▶ _GIVEN ENTRIES_
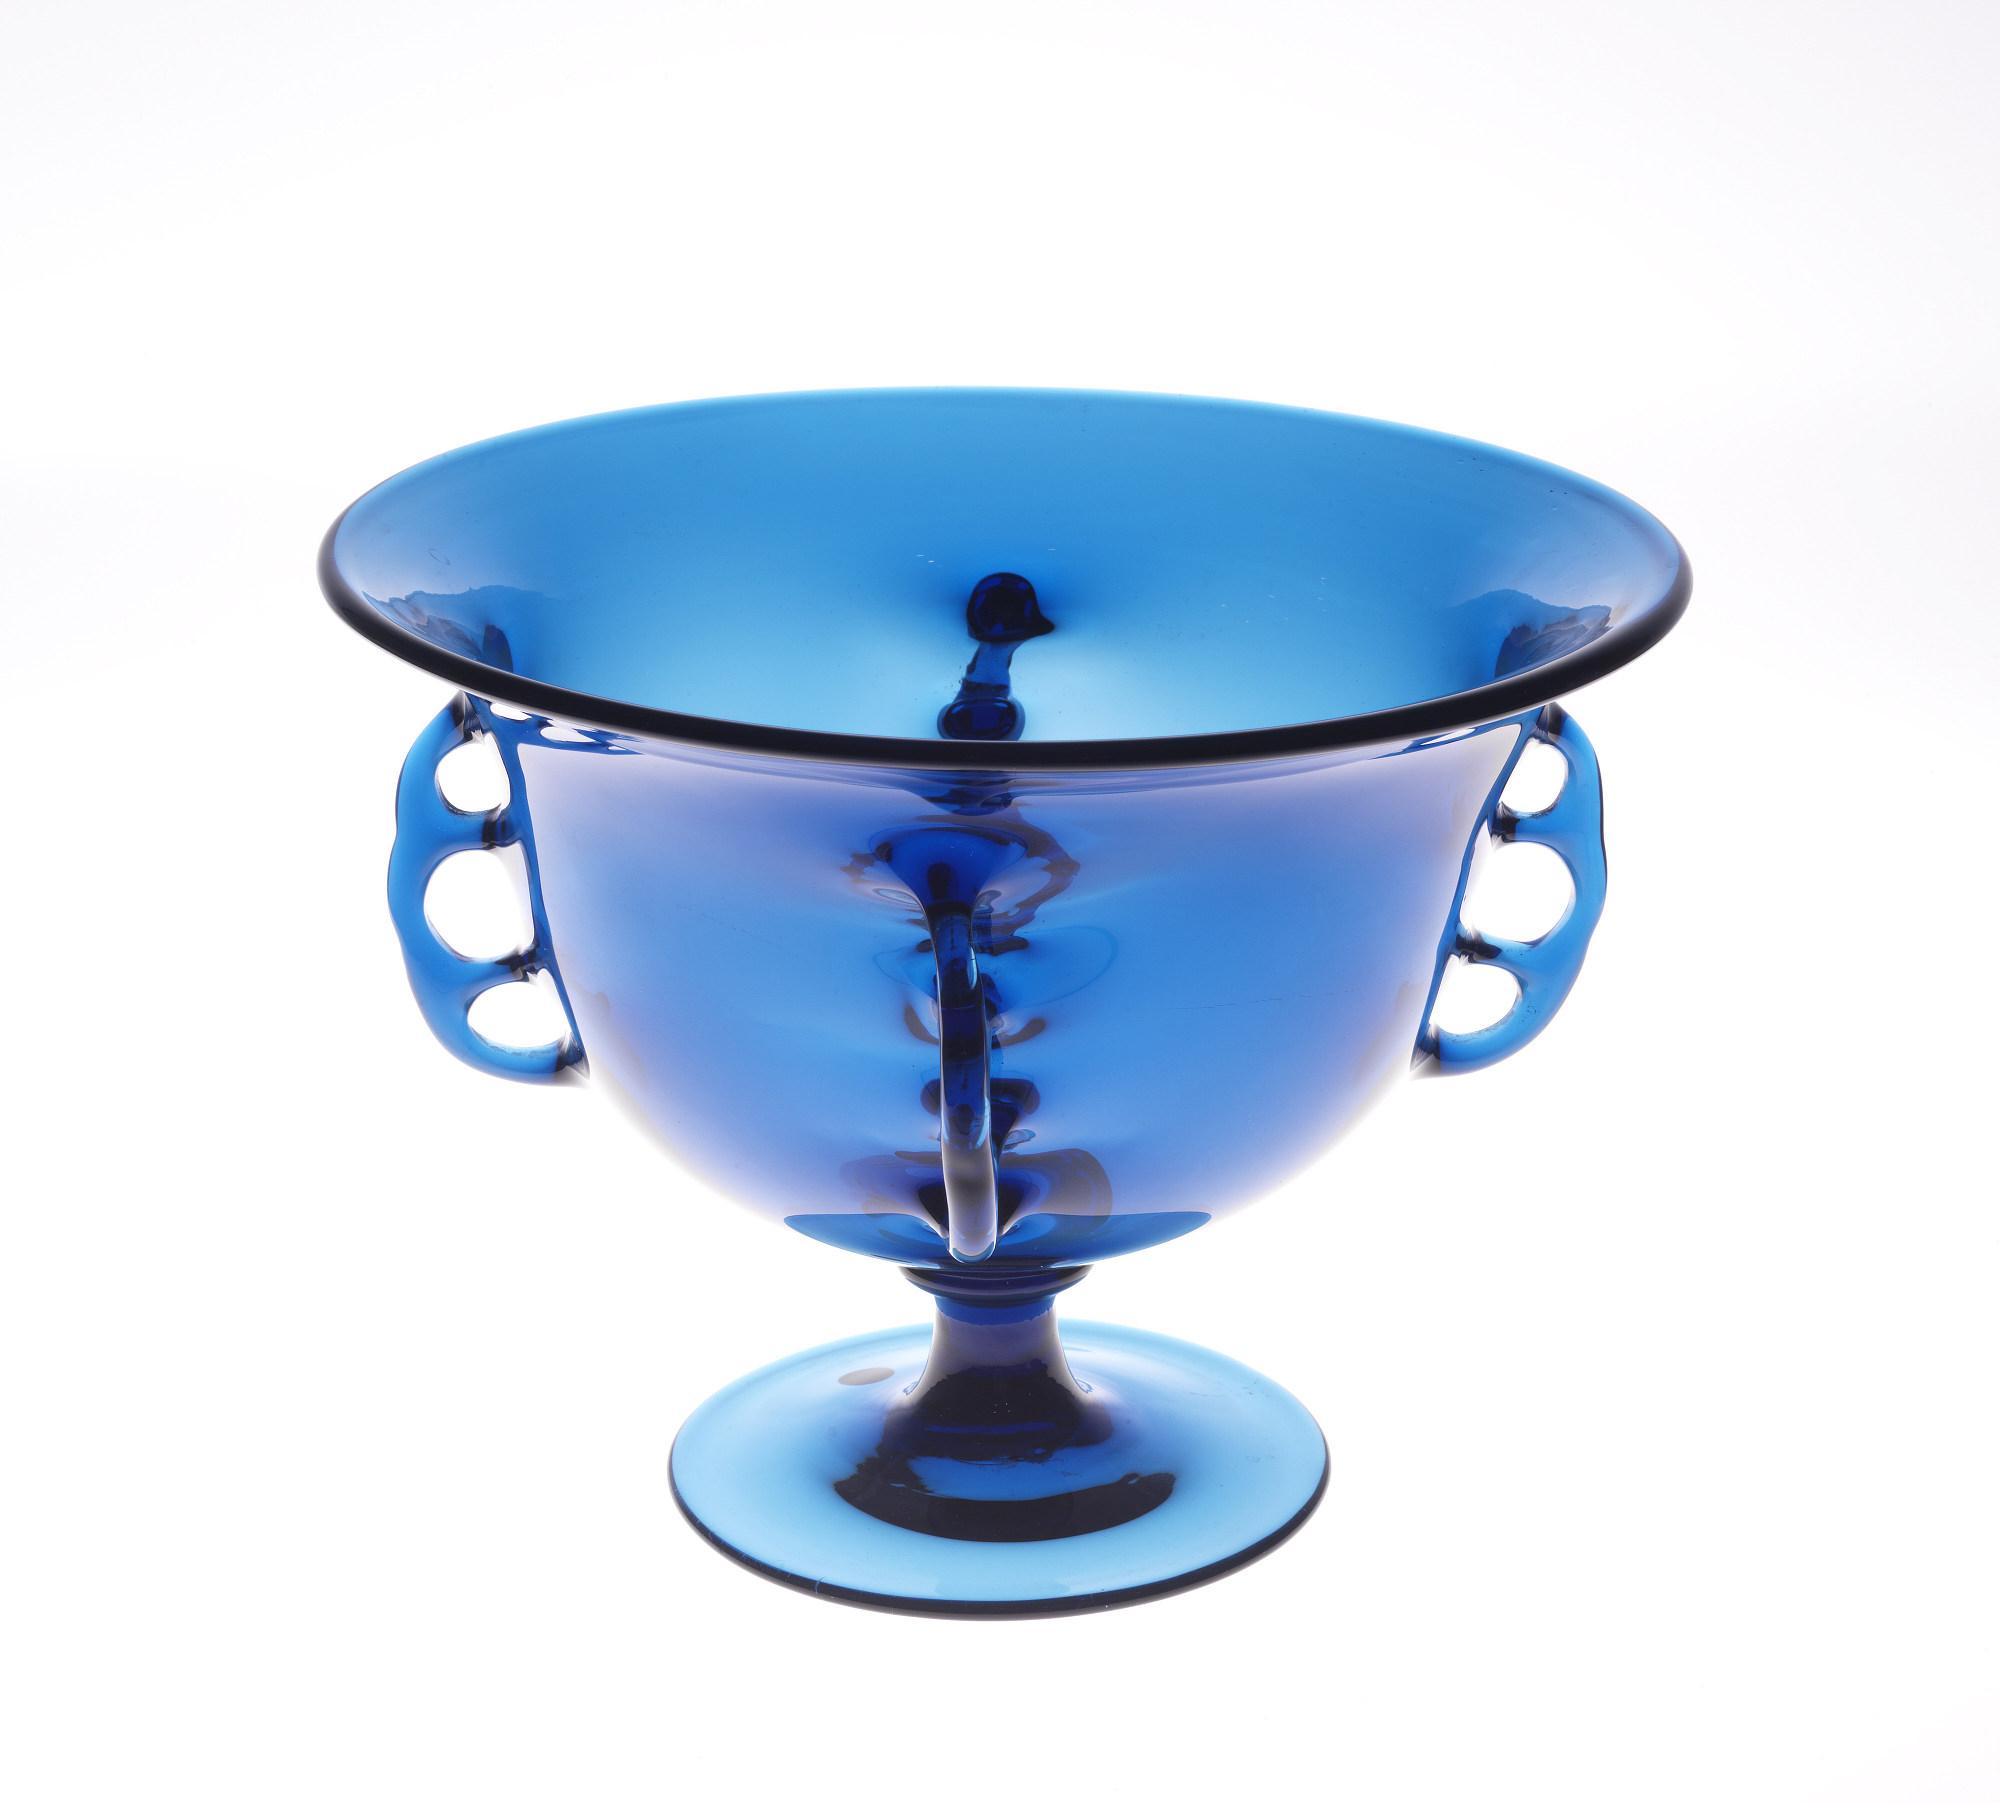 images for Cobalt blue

---

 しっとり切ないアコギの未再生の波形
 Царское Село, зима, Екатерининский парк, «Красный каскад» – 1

▶ _EXERCISE REQUIREMENTS_
Look above for the line with "しっとり切ないアコギの未再生の波形" and the line with "Царское Село, зима, Екатерининский". Write out those two lines and all the lines between them, exactly, and no others.

▶ _OUTPUT OF THE TASK_
 しっとり切ないアコギの未再生の波形
 Царское Село, зима, Екатерининский парк, «Красный каскад» – 1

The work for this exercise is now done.